I think you can see where this is going now. It eventually reaches:

* socket_available called on socket 7, protocol 2

after which the error changes to:

* DHCP: Failed to allocate socket
Traceback (most recent call last):
  File "code.py", line 41, in <module>
  File "libs/socket.py", line 75, in init
  File "/lib/adafruit_wiznet5k/adafruit_wiznet5k.py", line 230, in __init__
RuntimeError: Failed to configure DHCP Server!

I don't know the inner details of this, but this has a really strong odor of a socket leak to me.

If there's some way to do so, you might want to consider a hard reset of the wiznet5k when the system comes up, to avoid this problem that might be an issue for other situations.

anecdata commented 1 year ago

Hard reset on startup is a good idea, in the library or in code. But the reset pin connection varies by WIZnet board, and may not have been connected by the user (or set up in code).

dgnuff commented 1 year ago

Aha!! There's no hardware problem that a good software engineer can't fix. ;)

During WIZNET5K::__init__() a few strategic calls to self._write_sncr(socket_num, _CMD_SOCK_CLOSE) seem to do the trick. At least with the error in issue https://github.com/adafruit/Adafruit_CircuitPython_Wiznet5k/issues/108 still present, it doesn't go through the socket leak flow with repeated hits on ctrl-D, and instead stays with socket 1 multiple times over.
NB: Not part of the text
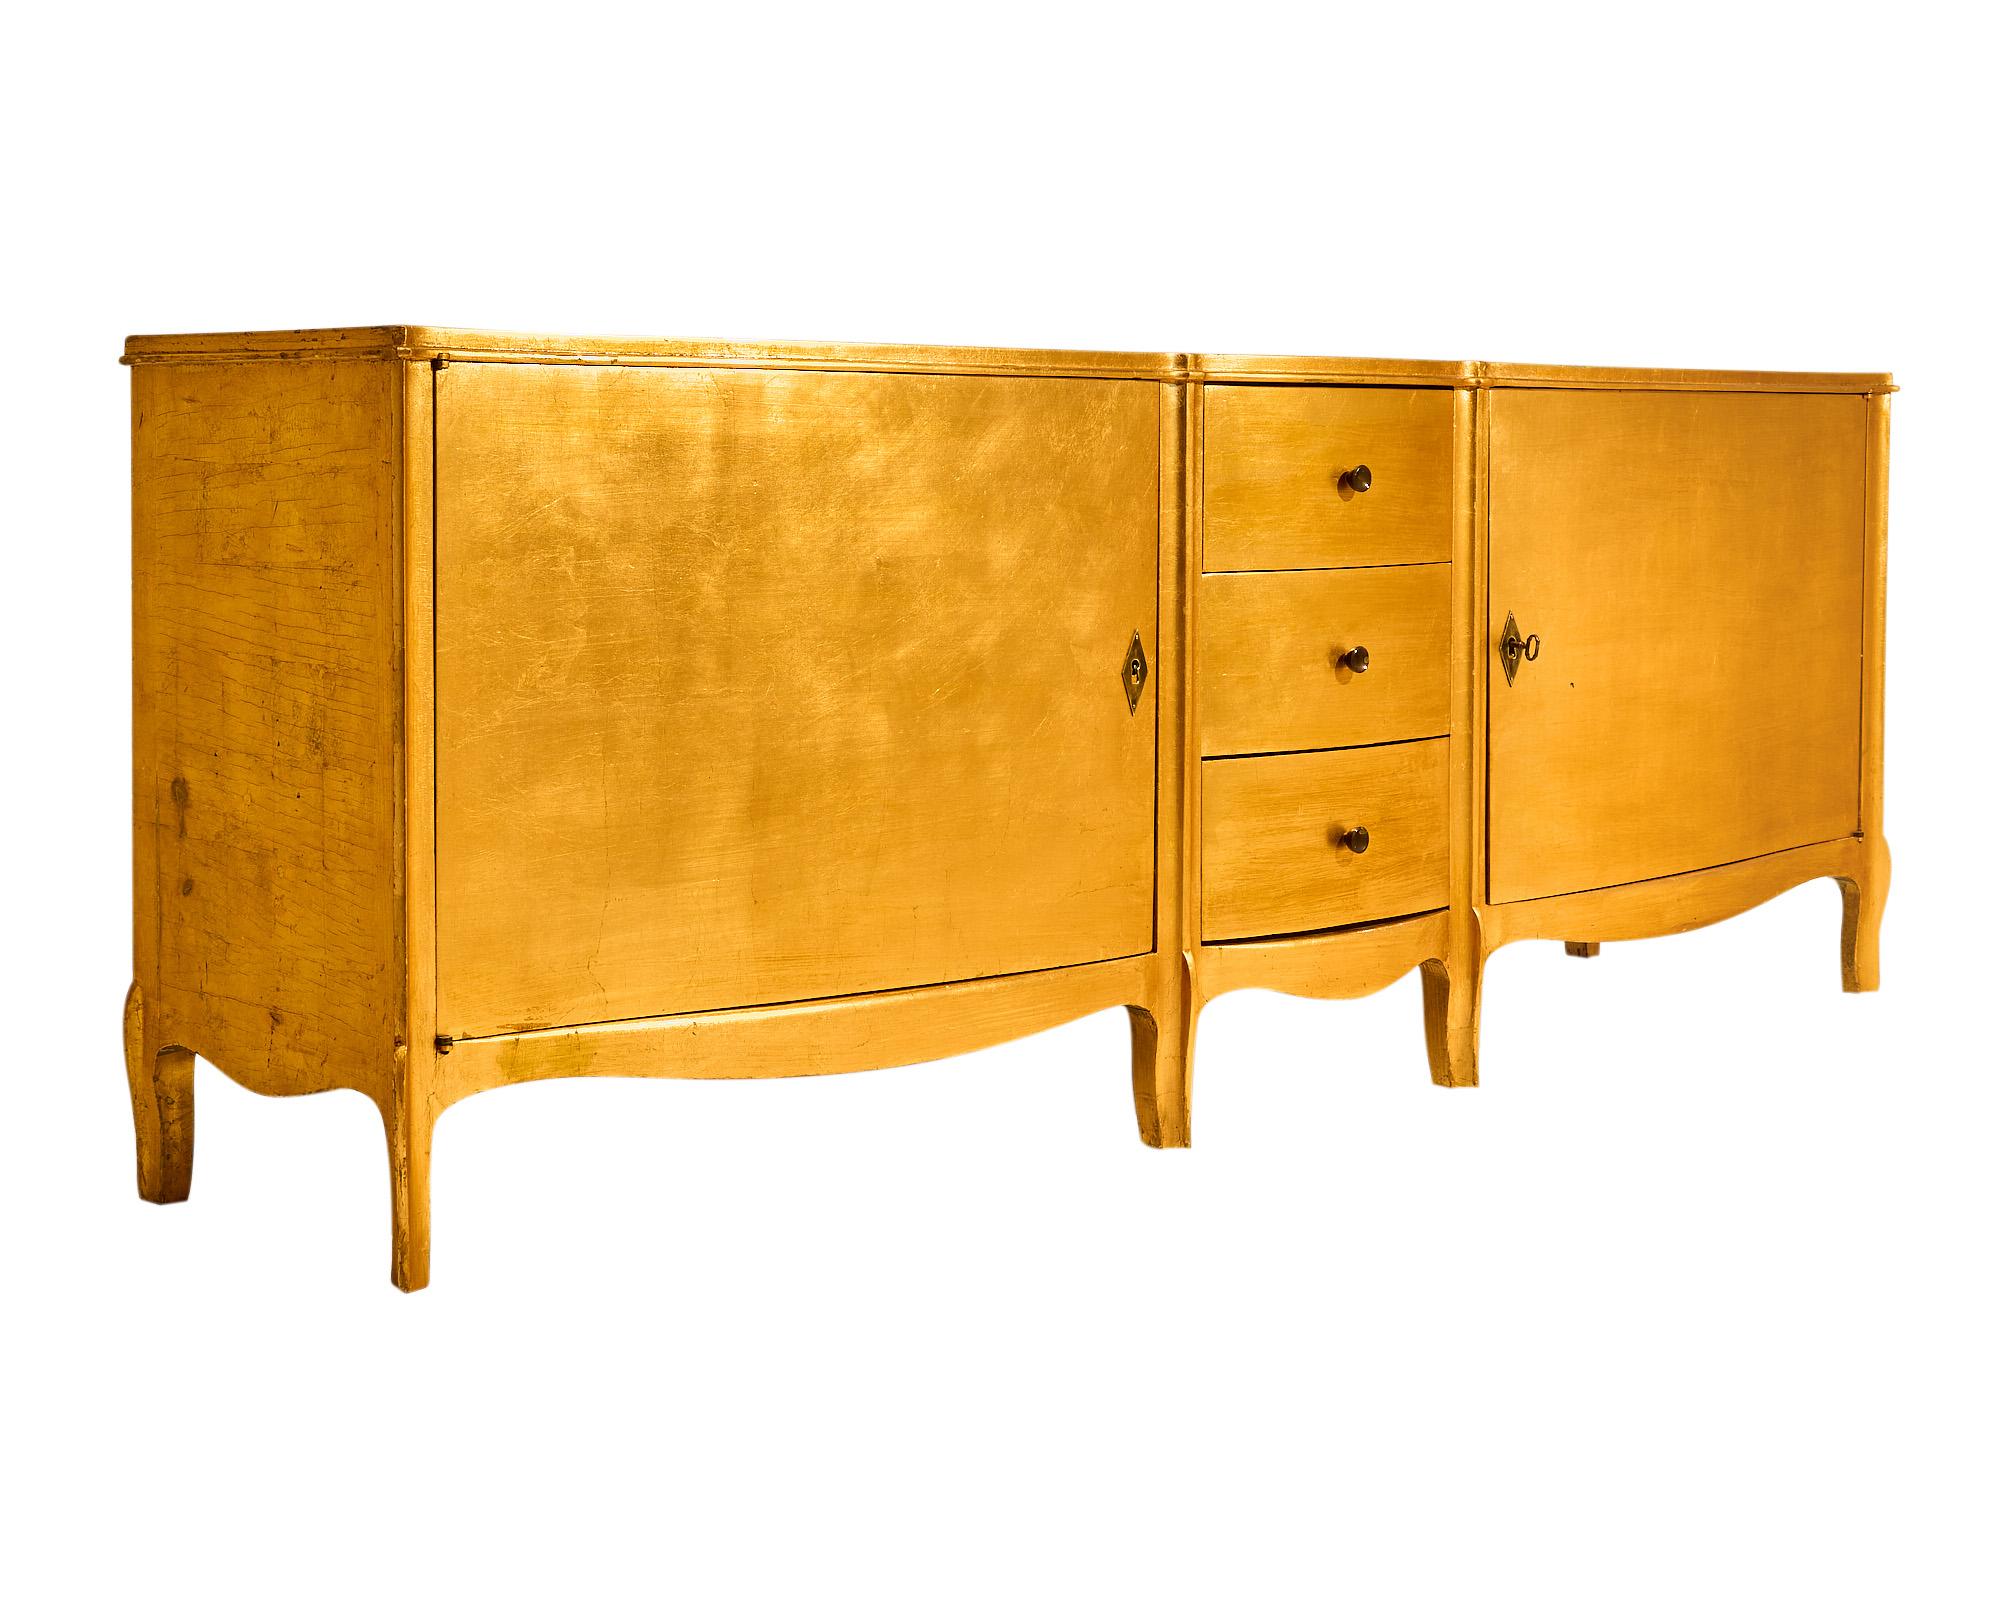 Buffet / enfilade designed by Jean Royere, the leading designer of Maison Gouffé in Paris, from the Art Deco period in France made of beech wood that has been finished with a gold leaf lacquer. There are two doors that open to interior shelving and

PR will be incoming, it'll almost certainly need a rewrite, since I put a try: except: pass around the self._write_sncr() calls to deal with any issues of attempting to close a socket that isn't open. That might not be necessary, but it does no harm, and a more experienced engineer will be far better qualified to make that call.
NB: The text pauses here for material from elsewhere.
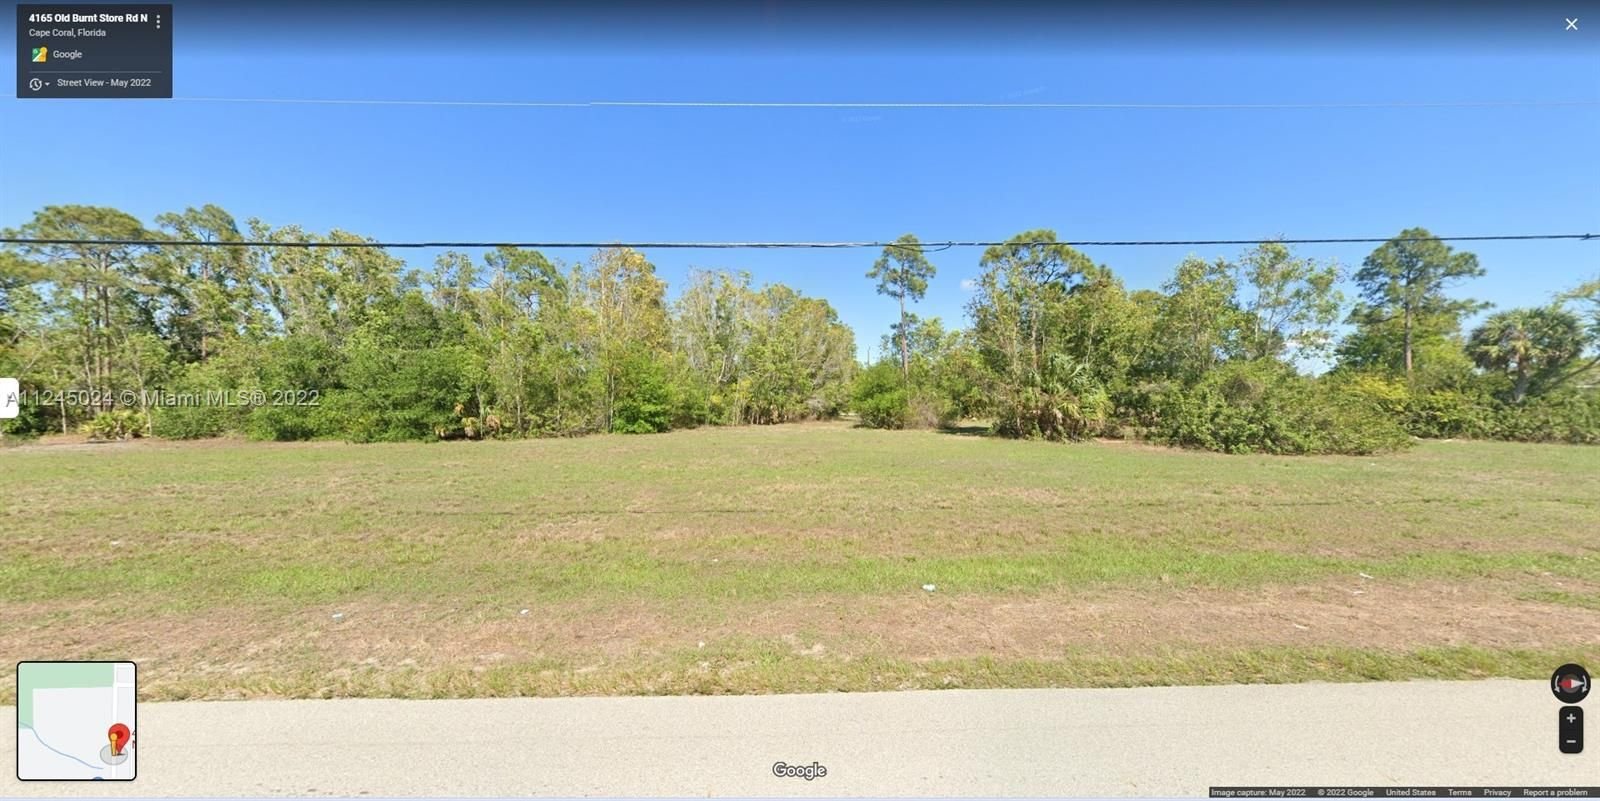 Real estate property located at 4165 Old Burnt Store Rd N, Lee County, Cape Coral, FL

BiffoBear commented 1 year ago

@dgnuff Were you using a W5500 or a W5100s? The software reset on the W5500 is currently unreliable, and I have an open PR that should fix it. So if you are using a W5500 I would be grateful for a quick test because I won't have access to one until late May 😳

dgnuff commented 1 year ago

I was using a Wiznet 5500, on an Ethernet Featherwing. I'm unable to test on a Wiznet 5100 since I don't have a device that uses that chip.
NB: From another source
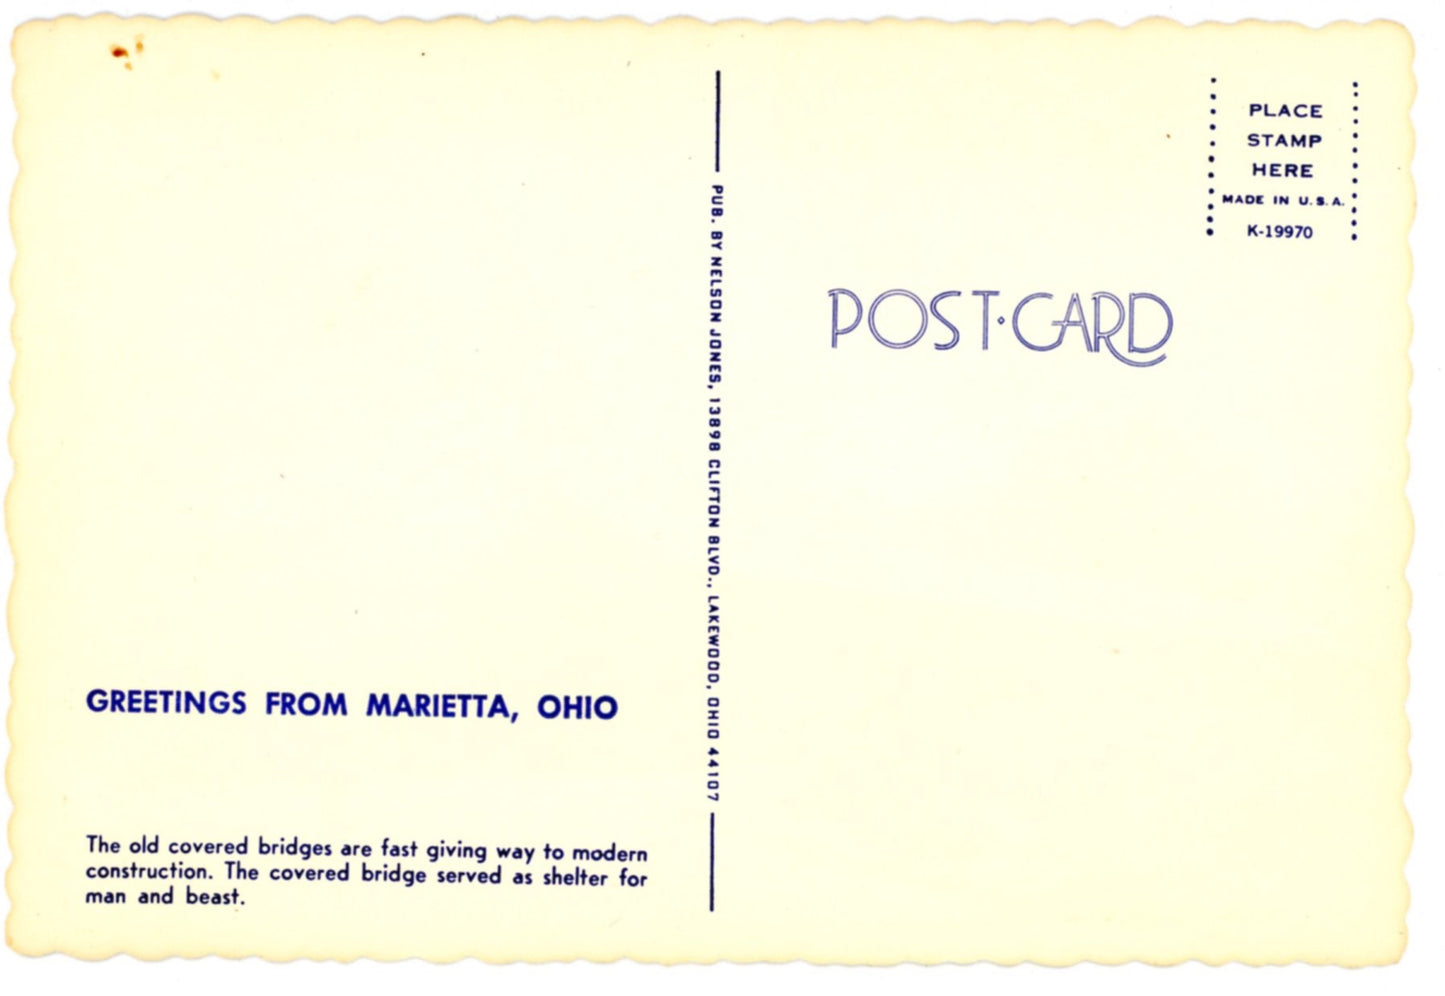 Old Ohio Covered Bridge #3 "Greetings from MARIETTA OHIO" Collection Large Vintage Postcard 4" x 6"

On Thu, Apr 20, 2023, 03:12 Martin Stephens @.***> wrote:

@dgnuff https://github.com/dgnuff Were you using a W5500 or a W5100s?

— Reply to this email directly, view it on GitHub https://github.com/adafruit/Adafruit_CircuitPython_Wiznet5k/issues/109#issuecomment-1516073296, or unsubscribe https://github.com/notifications/unsubscribe-auth/AGK73XEK56WESEVD4UOLLHLXCEDYZANCNFSM6AAAAAAWYFDRJQ . You are receiving this because you were mentioned.Message ID: @.*** com>

BiffoBear commented 1 year ago

I was using a Wiznet 5500, on an Ethernet Featherwing. I'm unable to test on a Wiznet 5100 since I don't have a device that uses that chip.

The W5500 I have with me isn't functioning, so I cannot test against a W5500 until I get home in late May. The fact that both you and @FoamyGuy experience problems after a soft reset on a W5500 makes me think that the issue lies in the chip initialisation for the W5500. I made a best guess edit on the PR that I have pending, but it made things worse.

If you are using the Adafruit Ethernet Feather, the W5500 hardware reset pin is broken out, and is supported in the library:

:param digitalio.DigitalInOut reset: Optional reset pin, defaults to None.

This may solve your problem, if it does, please let me know.

dgnuff commented 1 year ago

I can certainly adjust my code.py to specify the reset pin and see if that makes the problem go away. Even so, I have a software fix available that I'd like to consider submitting, since it will help people who are using W5500 chips that don't have the reset wired up.

BiffoBear commented 1 year ago

I can certainly adjust my code.py to specify the reset pin and see if that makes the problem go away. Even so, I have a software fix available that I'd like to consider submitting, since it will help people who are using W5500 chips that don't have the reset wired up.

Thanks! I purloined a soldering iron and fixed my w5500, so I'm able to test on it. The problem is solved by soft resetting the w5500 during initialisation. The fix works on my pending DHCP PR and I've opened a PR to fix it in the current main branch.